I think we’re still stuck in 1920. The Pew Research Center reported that in 1923, just three years after women were granted the right to vote, less than half of eligible female voters came to the polls, “In the researchers’ sample of non-voters, women outnumbered men by more than two to one.” The top reasons for female absence were cited as political apathy and a belief that only men should engage in politics.

Although women have started to show up to elections in greater numbers, the societal stigmas and pressure for women to sit down, shut up, and cook dinner are still winning. The progress made by the feminists of the 1960’s and 1970’s made things better for women; it gave women a bit of breathing room—but it wasn’t enough. We deserve better! Women can determine elections, therefore we can determine our leaders, and determine our laws.

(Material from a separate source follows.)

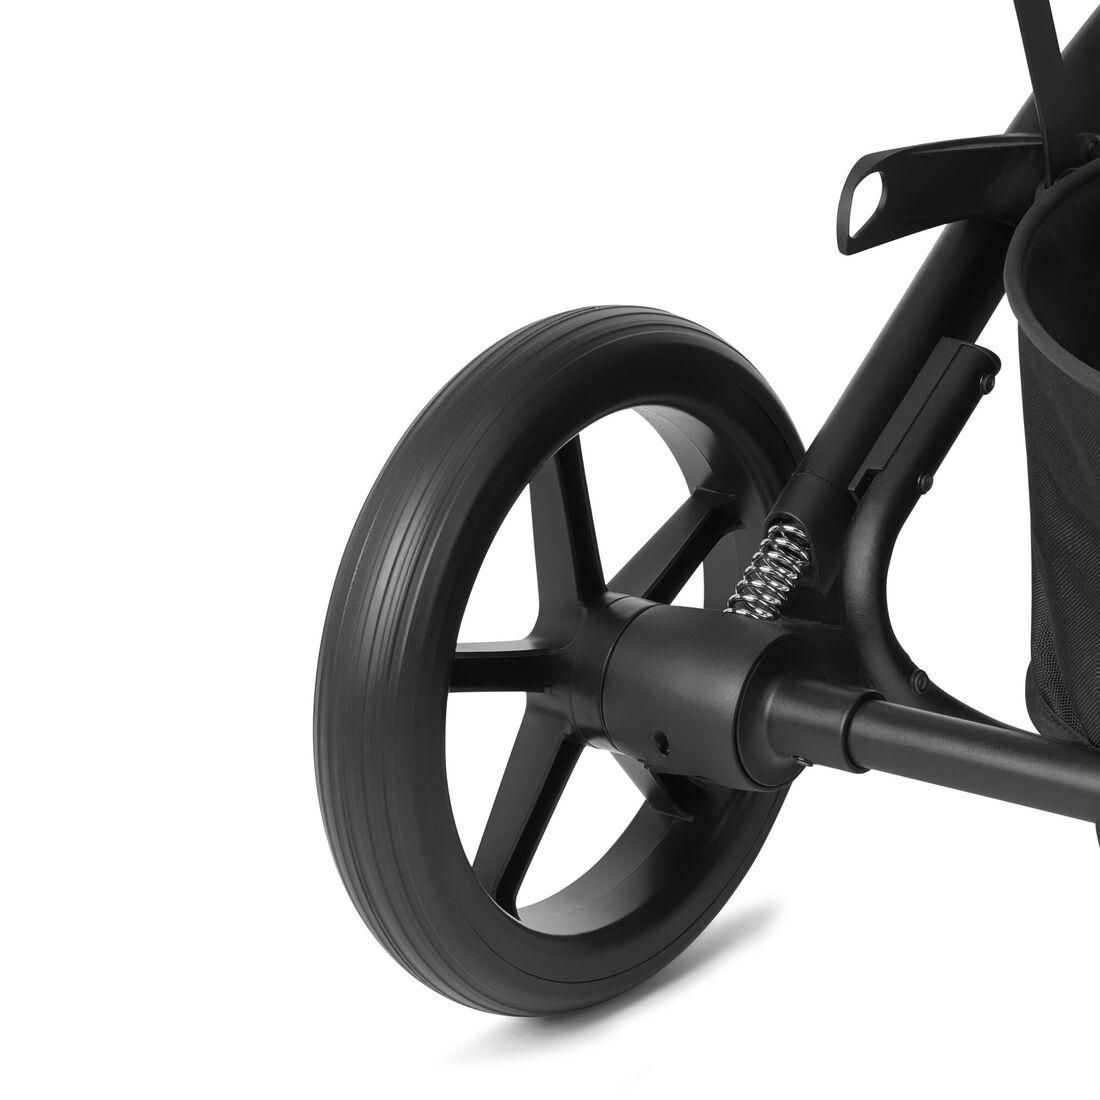 CYBEX Balios S Lux - Soho Grey (Schwarzer Rahmen) in Soho Grey (Black Frame) large Bild 8

And now the Call To Action:

statue of liberty

Image from Pixabay.com

To all self-identified women: your vote is your power. Your vote can save our country from gynoticians, injustice, blinding inequality, and staggering financial ruin! Now is the time to register to vote and take a detailed inspection of your life. What’s not right? What’s keeping you down? Find your core issues and find a candidate who will construct and govern a community that you’re excited about and proud to be a part of. Better yet, get involved with a campaign and get everyone around you to vote! I implore you, join me in exercising the full strength of the 19th Amendment in all future elections (yes, even midterms). Vote for candidates who will guarantee and safeguard a better future for all women and girls!